▶ _Data supplied_
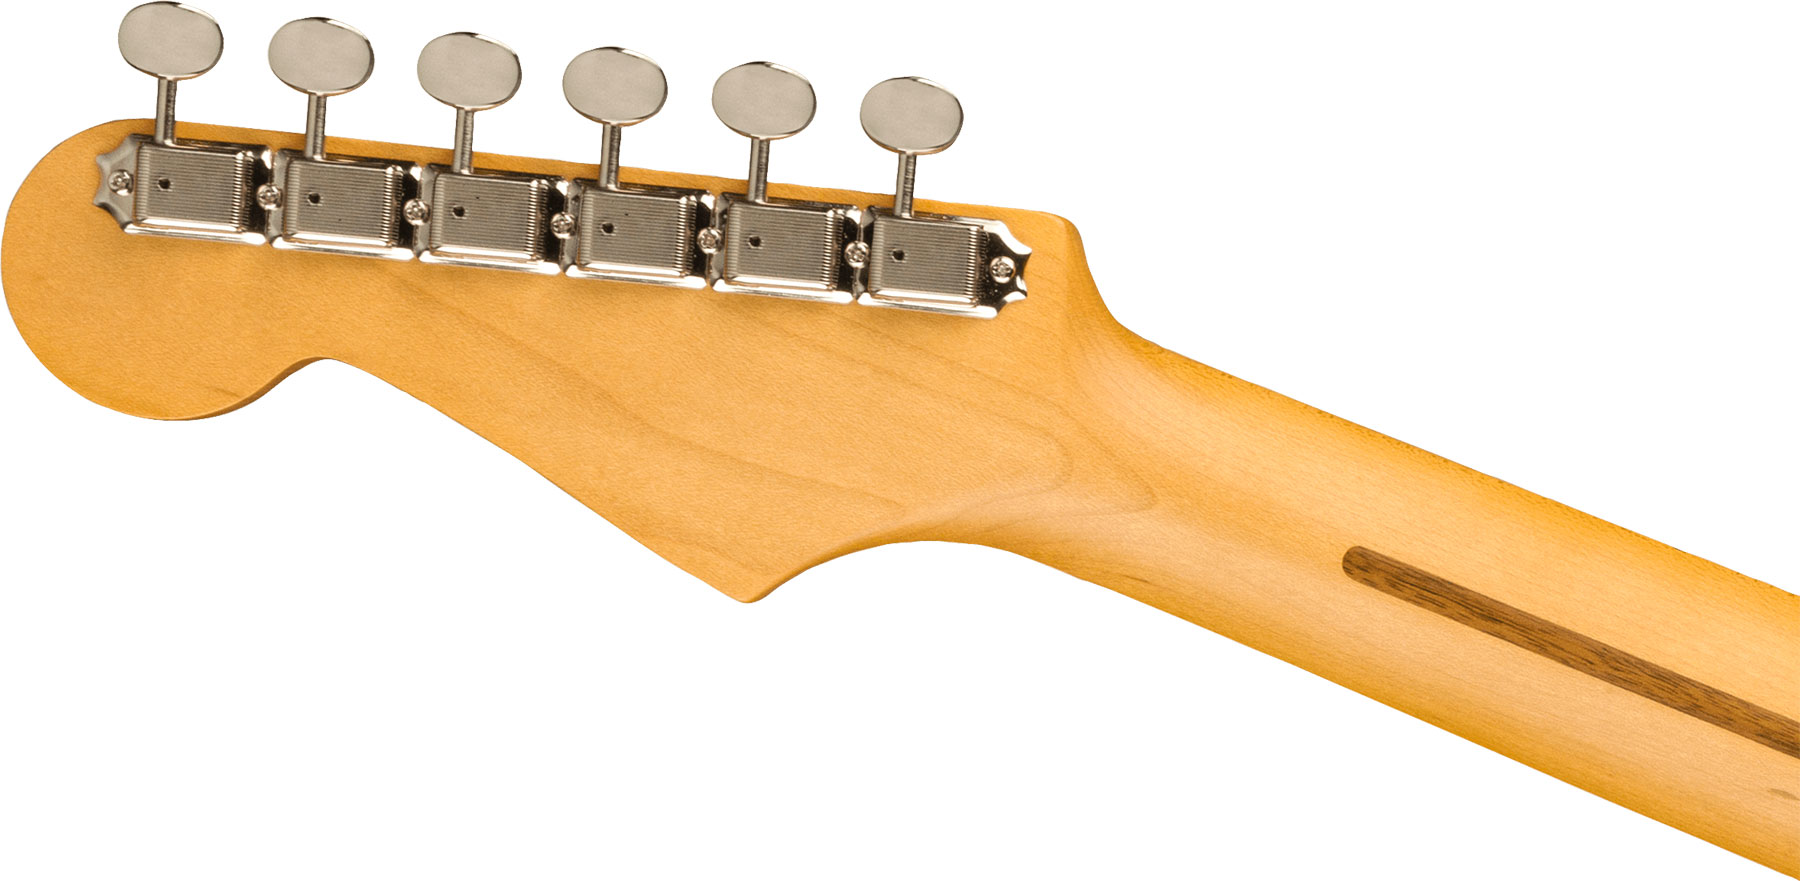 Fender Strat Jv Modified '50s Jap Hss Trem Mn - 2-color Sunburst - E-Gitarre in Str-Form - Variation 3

---

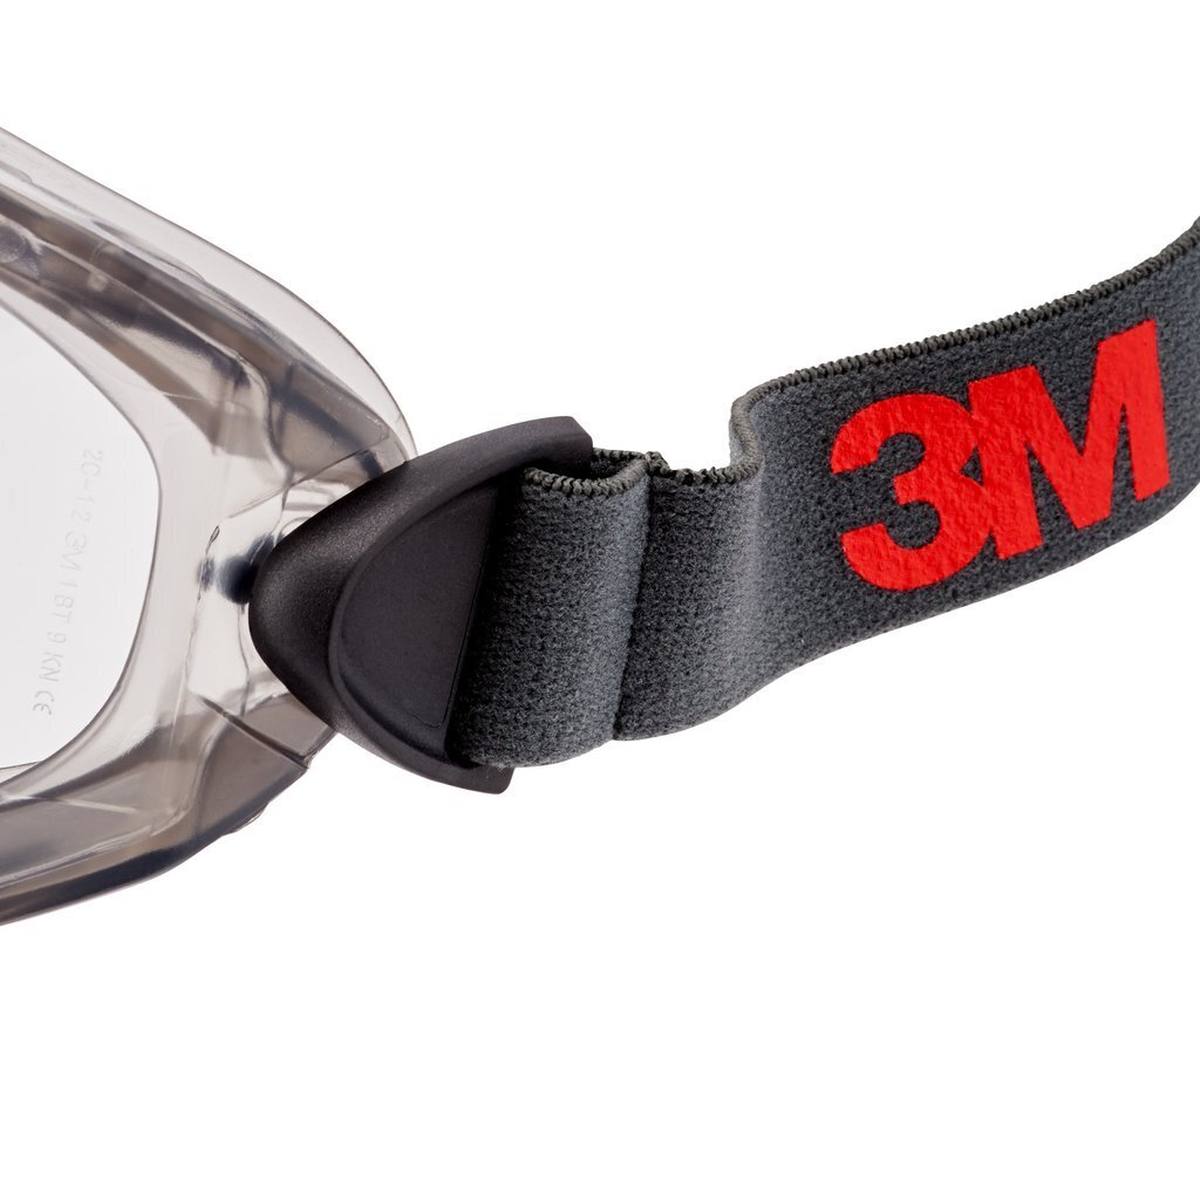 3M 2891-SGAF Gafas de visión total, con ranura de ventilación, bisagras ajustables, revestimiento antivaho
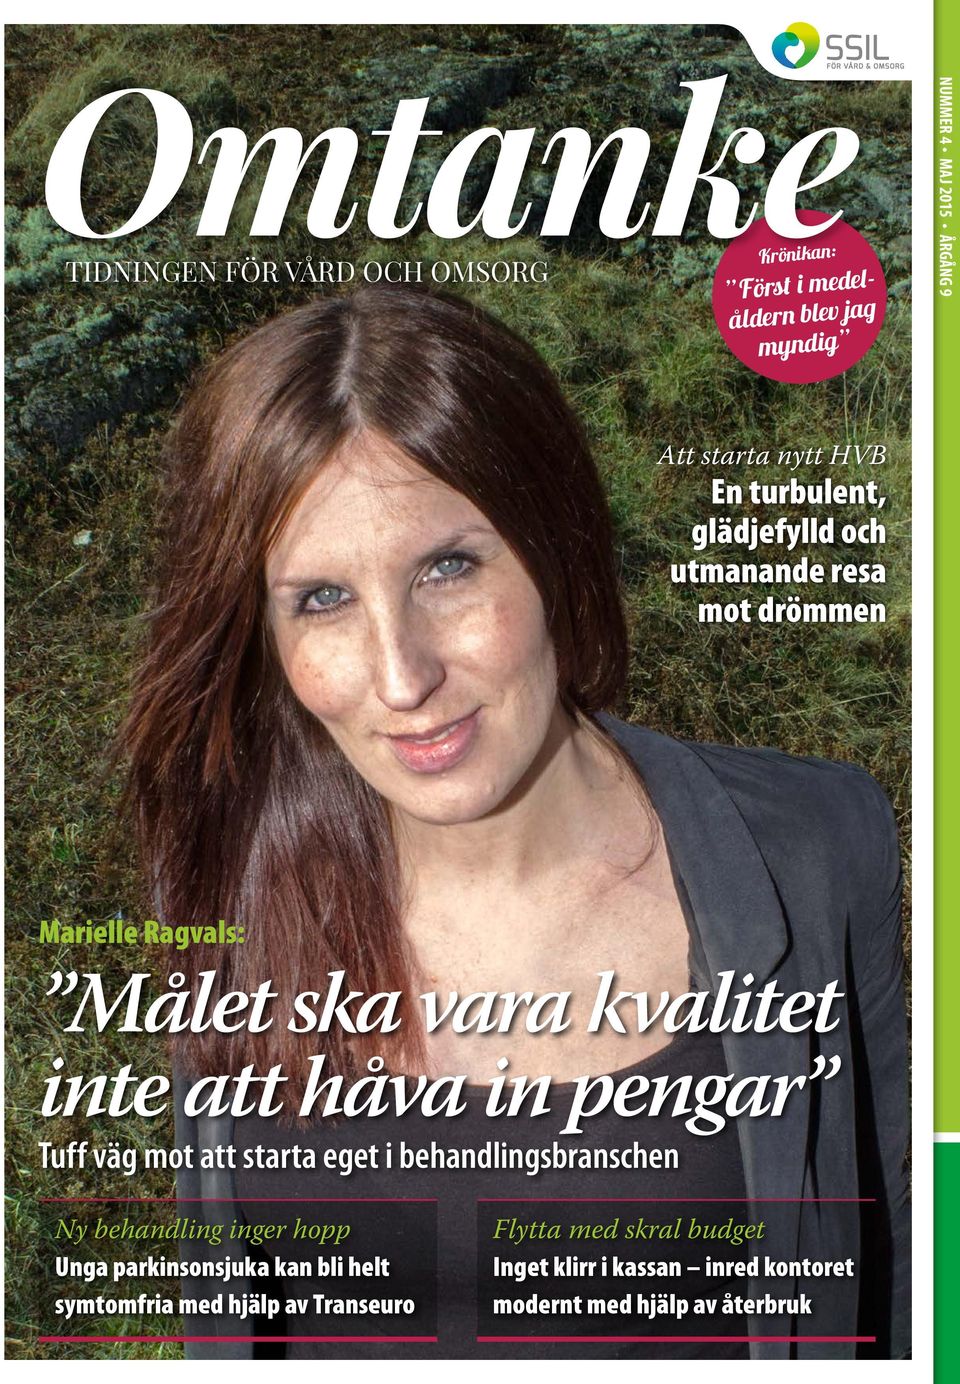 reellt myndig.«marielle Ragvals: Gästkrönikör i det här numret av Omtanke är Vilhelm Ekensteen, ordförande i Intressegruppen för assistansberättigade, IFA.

* * *

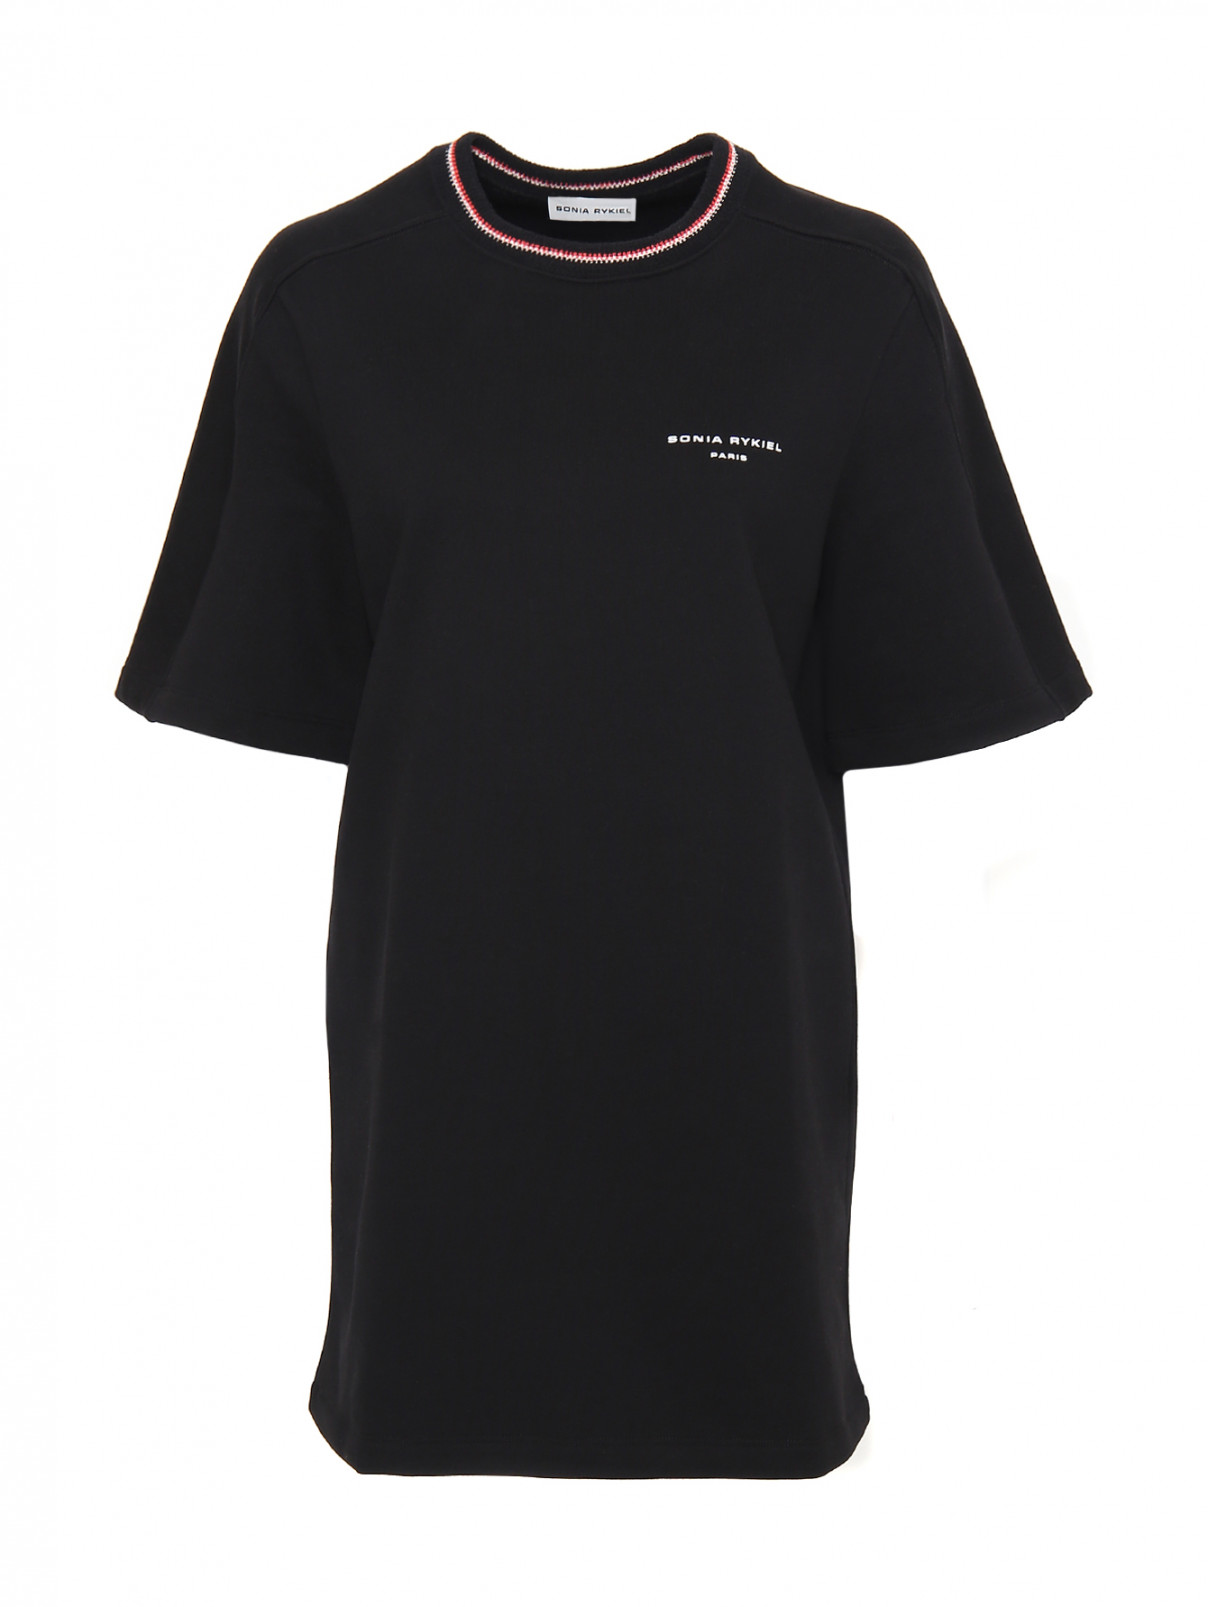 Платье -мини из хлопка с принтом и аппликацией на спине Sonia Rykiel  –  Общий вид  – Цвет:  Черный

▶ _Exercise requirements_
Please return the material above only from the line that holds "3M 2891-SGAF Gafas" through the line that holds "för assistansberättigade, IFA.", exactly as it stands, ends included and pictures omitted.

▶ _Task output_
 3M 2891-SGAF Gafas de visión total, con ranura de ventilación, bisagras ajustables, revestimiento antivaho
 reellt myndig.«marielle Ragvals: Gästkrönikör i det här numret av Omtanke är Vilhelm Ekensteen, ordförande i Intressegruppen för assistansberättigade, IFA.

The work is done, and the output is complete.